Manifestation nationale: "Une urgence sociale à remobiliser la population", selon la FGTB

La FGTB Bruxelles envisage aussi ces actions comme une obligation de sensibiliser. Le direction prise par le gouvernement n'est pas bonne, il faut en changer.
La FGTB Bruxelles envisage aussi ces actions comme une obligation de sensibiliser. Le direction prise par le gouvernement n'est pas bonne, il faut en changer. - © LAURIE DIEFFEMBACQ - BELGA

Le printemps social est bel et bien là. Les syndicats annoncent un nouveau plan d'actions. La manifestation nationale en front commun syndical, annoncée pour le mardi 24 mai en donnera le coup d'envoi "contre ce gouvernement de menteurs et de larbins", avec notamment une journée de grève nationale le 24 juin, a affirmé ce 1er mai Thierry Bodson, le secrétaire général de la FGTB wallonne. Les dates seront confirmées demain.
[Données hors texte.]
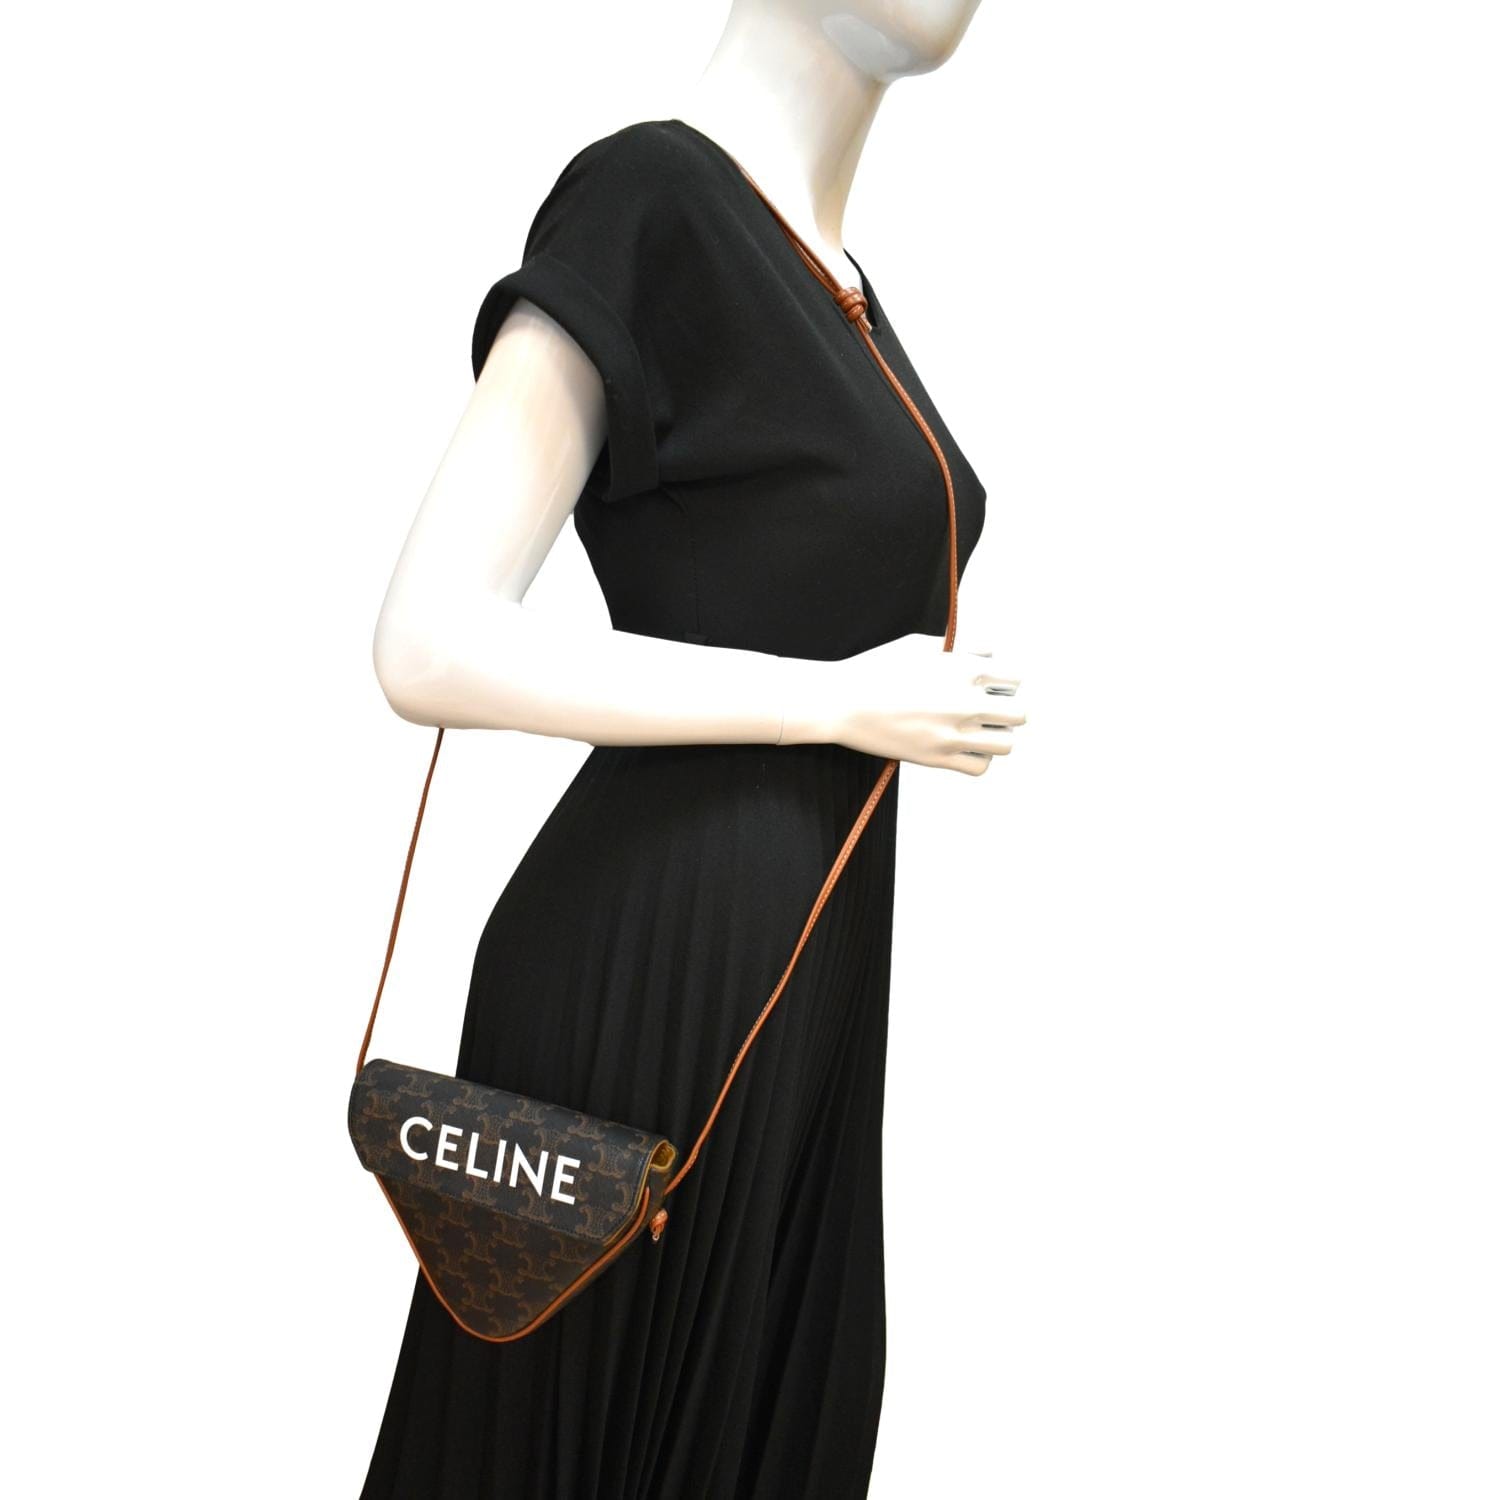 Men's Triangle Bag in Smooth calfskin with Celine print, CELINE

Les dernières mesures du gouvernement Michel sur le temps de travail ou les pensions ne passent pas. Du côté bruxellois aussi, le message est clair: il faut agir: "Nous allons faire une grande manifestation syndicale en front commun à Bruxelles et nous allons devoir, fin juin et août-début septembre, organiser des ripostes et on parle évidemment à ce moment-là de grève générale, confirme Philippe Van Muylder, Secrétaire général de la FGTB Bruxelles. Il y a aujourd’hui, je pense, une urgence sociale à remobiliser nos militants, au-delà de remobiliser la population".

"Une nécessité. La précarité c’est le premier combat."

Une mobilisation qui semble nécessaires aux yeux de bien des militants rassemblés dimanche Place Rouppe à Bruxelles pour le 1er mai: "Je pense qu’on va devoir se battre, c’est sûr et certain, ne fût-ce que pour maintenir nos acquis, ne pas régresser, c’est sûr et certain. La précarité c’est le premier combat".

La FGTB Bruxelles envisage aussi ces actions comme l'obligation de sensibiliser. Le direction prise par le gouvernement n'est pas bonne, il faut en changer: "Si on ne fait rien, il est certain que tout passera. C’est aussi tirer la sonnette d’alarme. Je crois qu’il est temps maintenant de discuter d’une alternative au niveau politique, au niveau économique".

Philippe Van Muylder voit d'ailleurs des lueurs d'espoir dans certaines initiatives: "Il y a une plateforme, tout autre chose, "hart boven hard" qui s’est développée en Belgique. Ça montre cette nécessité d’avoir un changement dans la politique et si on peut avoir un soutien qui dépasse le cadre syndical, c’est quelque chose qui est nouveau en Belgique, c’est quelque chose qui est fantastique".